In a statement, Finance Secretary Carlos G. Dominguez III said that on the part of the Philippines, its enactment of Republic Act (RA) No. 10168 or the Terrorism Financing Prevention and Suppression Act of 2012, represented the country’s firm commitment to fight global terrorism and its financing.
Dominguez said criminalizing terrorism financing under RA 10168, has strengthened the Philippines’ efforts to trace and freeze funds used or being planned to be used to carry out terrorist attacks.
“The Philippines is currently extending efforts to stifle the occurrence of illicit trade activity. Regardless, illicit trade activity continues to pose a high risk to the country. Moreover, money laundering contributes to terrorism financing, the threat of which has been categorized as high risk. The ASEAN Member-States can thus share their efforts and initiatives in deterring this problem,” Dominguez said.

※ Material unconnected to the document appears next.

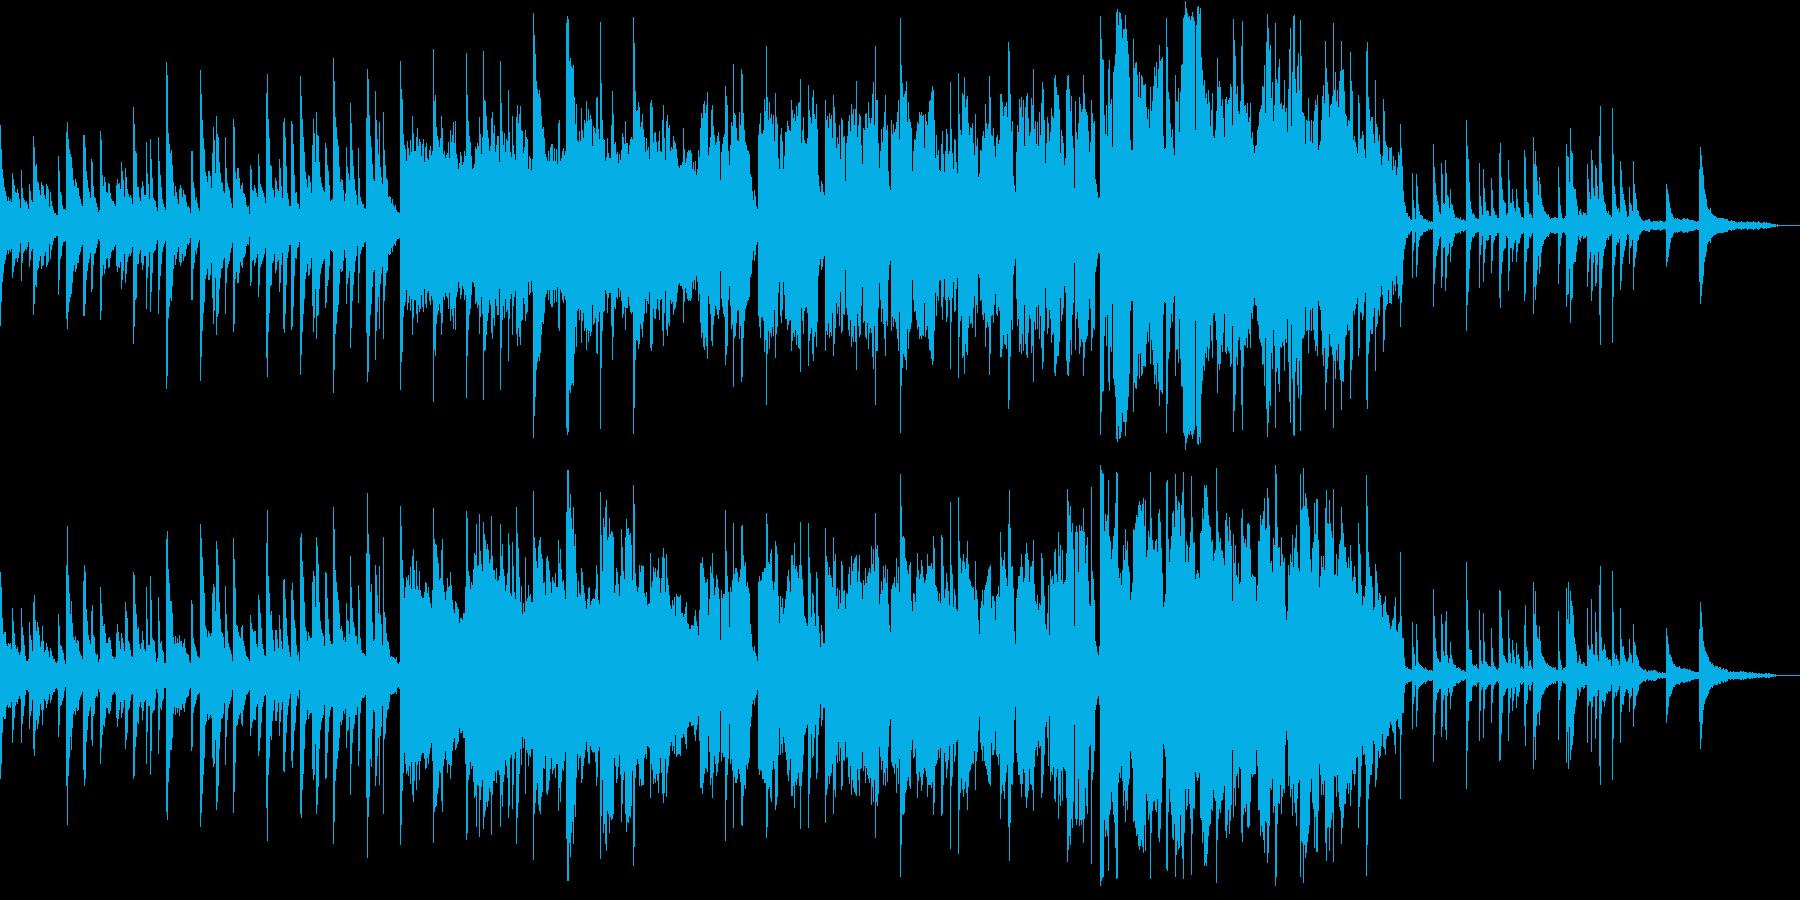 夕暮れの一コマを映し出す風情溢れるピアノの再生済みの波形

Among the ASEAN members, the Philippines is considered one of the countries with the lowest money laundering risk although illicit revenue flows remain a problem.
In the Philippines, Dominguez said “close cooperation with relevant intelligence and law enforcement agencies is essential in order to trace, seize and forfeit funds used or about to be used for terrorism financing, and hurdle impediments, such as bank secrecy laws, to ensure the successful prosecution” of this crime.
He said legislative amendments to support the legal and administrative framework for the automatic exchange of information with other foreign tax authorities is currently pending in the Philippine Congress.